С лица графа сошла улыбка.
— Оскорблена? — тревожно переспросил он.
— Да. Вы же знаете, какая она. Вы знаете, какие идеалы она себе создала. Её задело, что в то самое время, когда вы к ней сватаетесь, вы заводите интрижку с этой девчонкой Бине.
— Откуда вы знаете?
— Она поделилась со своей тёткой. Наверно, бедная девочка в чём-то права. Она говорит, что не потерпит, чтобы её руки касались губы, загрязнённые… Ну, вы понимаете. Представьте себе, какое впечатление произвела подобная вещь на такую чистую, чувствительную девушку, как Алина.
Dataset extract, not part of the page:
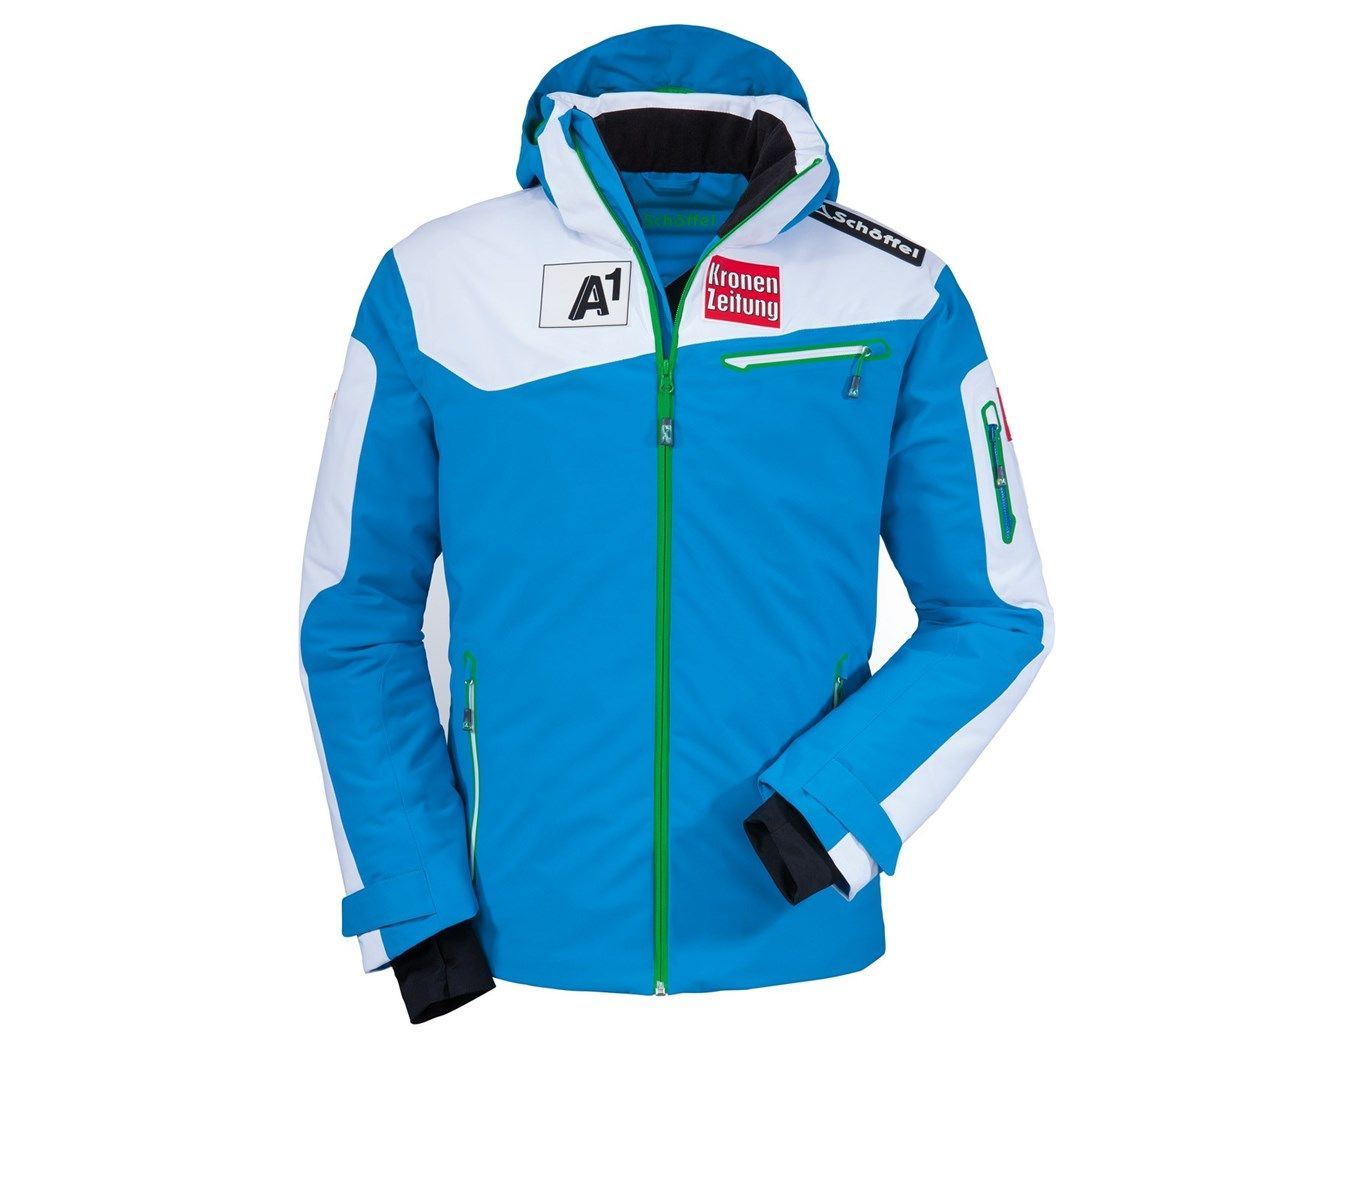 Schoffel Austria Cian Race Team Mens Jacket 352 00 Jackets Team Jackets Mens Jackets [ 1200 x 1350 Pixel ]

Она сказала — уж лучше мне предупредить вас, — что в следующий раз, когда вы поцелуете ей руку, она прикажет принести воды и вымоет её прямо при вас.
Лицо маркиза вспыхнуло, он поднялся. Зная его бешеный, нетерпеливый нрав, де Сотрон был готов к вспышке, но её не последовало.
Маркиз отвернулся от него и медленно пошёл к окну, склонив голову и заложив руки за спину. Остановившись там, он заговорил, не оборачиваясь, и в голосе его звучали одновременно презрение и тоска.
— Вы правы, Шарль, я глупец, безнравственный глупец! У меня осталось довольно разума, чтобы это понять. Наверно, дело в том, как я всегда жил, — мне никогда не приходилось отказывать себе в том, чего желал. — Тут он вдруг резко обернулся: — О, Боже мой! Я желаю Алину так, как ещё никогда никого не желал. Думаю, что убью себя от ярости, если потеряю её из-за собственного безрассудства. — Он стукнул себя по лбу. — Я — скотина. Мне бы следовало знать, что, если эта прелестная святая узнает о моих шалостях, она будет презирать меня. Говорю вам, Шарль, что пойду в огонь, чтобы вновь снискать её уважение.
— Надеюсь, его можно будет завоевать меньшей ценой, — ответил Шарль и, чтобы разрядить обстановку, которая уже начинала докучать ему своей торжественностью, сделал слабую попытку пошутить: — От вас требуется лишь воздержаться от того огня, который мадемуазель де Керкадью не склонна считать очистительным.
— Что до этой Бине, с ней покончено — да, покончено, — сказал маркиз.
— Поздравляю. Когда вы приняли это решение?
— Только что. Как бы я хотел, чтобы это произошло сутки назад. — Он пожал плечами. — Мне за глаза хватило двадцати четырёх часов в её обществе, как хватило бы любому мужчине. Продажная и жадная маленькая шлюха. Тьфу! — содрогнулся он от отвращения к себе и к ней.
— Ах, так! Тем лучше — это облегчает для вас задачу, — цинично заметил господин де Сотрон.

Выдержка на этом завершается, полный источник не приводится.